Based on the findings detailed above, we are optimistic that we will be able to predict known genes’ unknown gene functions. In the IFIT family subnetwork, ClinVar records the PARP10 gene as a pathogenic gene not yet linked to any specific disease phenotype [29]. But, because many genes in this subnetwork are immunodeficiency-related, we believe that PARP10 has a higher likelihood of being associated with immunodeficiency. As we expected, multiple studies have confirmed PARP10’s critical role in regulating innate immune responses [30] and host-pathogen interactions [31].
Increased essentiality of hub genes in the Recount3 co-regulation network
The Recount3 co-regulation network consists of significantly co-regulated gene pairs. Interestingly, we found that when we increase the FDR threshold, the network becomes increasingly scale-free (Supplementary Figure 5A available online at at http://bib.oxfordjournals.org/), which means that a small number of genes connect with many neighbors while a large number of genes connect with very few neighbors. We analyzed these hub genes in the scale-free co-regulation network and found that they are more likely to be disease- and lethality-related.
We ranked each gene based on its number of links and correlated this with the disease label from the OMIM database. We found that the likelihood of a gene being disease-related is positively correlated with the gene’s node degree in the network (the number of neighbors a gene has) (Figure 6B).
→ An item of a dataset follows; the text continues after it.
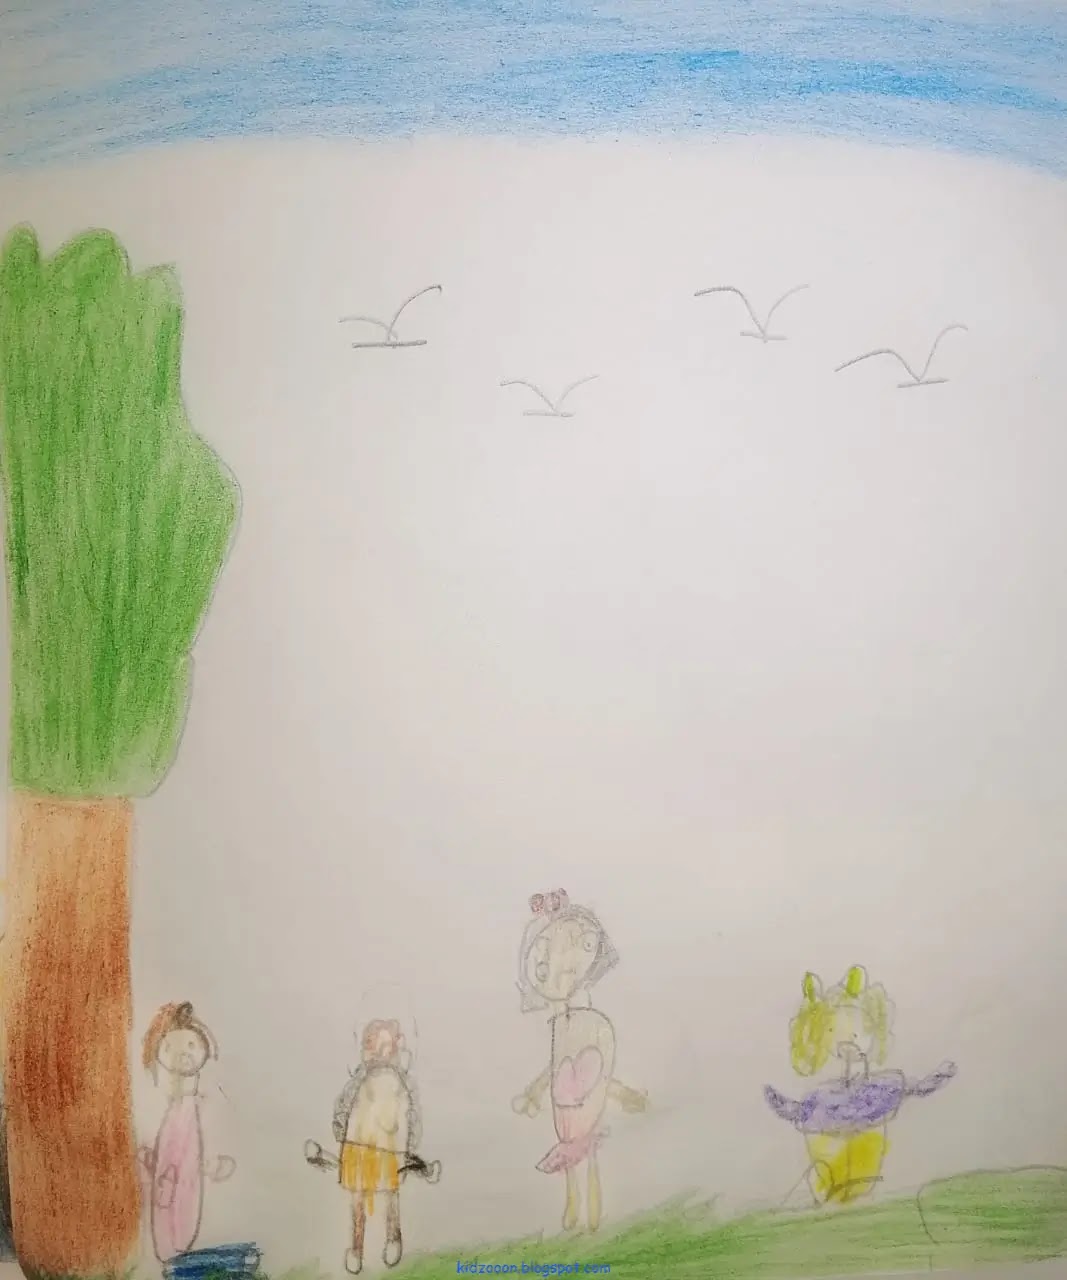 من قصص الأطفال - قصة: صندوق العيد - تأليف: زهراء كوثراني - فكرة ورسومات الطفلة: ملك مصطفى - موقع (كيدزوون | Kidzooon)

Such disease gene frequency is stronger than the one reported by Barabási et al. [32]. According to the scale-free co-regulation network, more than half the genes contain fewer than eight links and 13% of them are disease-related genes. And while only 2% of the genes have over 512 links, ~30% of them are disease related. We borrowed the mutation information from Genome Aggregation Database (GnomAD) and analyzed the relationship between the genes’ degrees and mutation intolerance (Figure 6C). The result showed that the hub genes are less likely to tolerate loss-of-function (LoF) mutations. Around 80% of genes with fewer than four links tolerate LoF alleles. In other words, losing one gene copy is likely not lethal. In contrast, ~40% of genes with > 512 links cannot tolerate LoF alleles. Besides, we noticed that these disease-related genes consist of both protein coding and non-protein coding genes. We found a strong correlation between the proportion of protein coding genes and the gene’s node degree (Supplementary Figure 6A available online at at http://bib.oxfordjournals.org/), however, when we only focus on the correlations between protein coding disease-related genes and the node degree, the correlations are obvious yet less significant (Supplementary Figure 6Band C available online at at http://bib.oxfordjournals.org/). Therefore, we believe that the central genes in the Recount3 co-regulation network are more functional-essential genes. They have a stronger connection with disease and a greater impact on vitality.
CONCLUSION
Our study provides a new method to reveal gene–gene associations by integrating a large amount of bulk RNA sequencing data without doing batch correction. Besides, our model is able to identify novel gene pairs that are non-linearly correlated between different experiments. We investigated our co-regulation network’s property and found that the hub genes are more likely to be essential and disease-related genes. Thus, we believe that our Recount3 co-regulation demonstrates a more comprehensive gene–gene relationship which can better assist biologists in discovering unknown gene functions and potential disease relations.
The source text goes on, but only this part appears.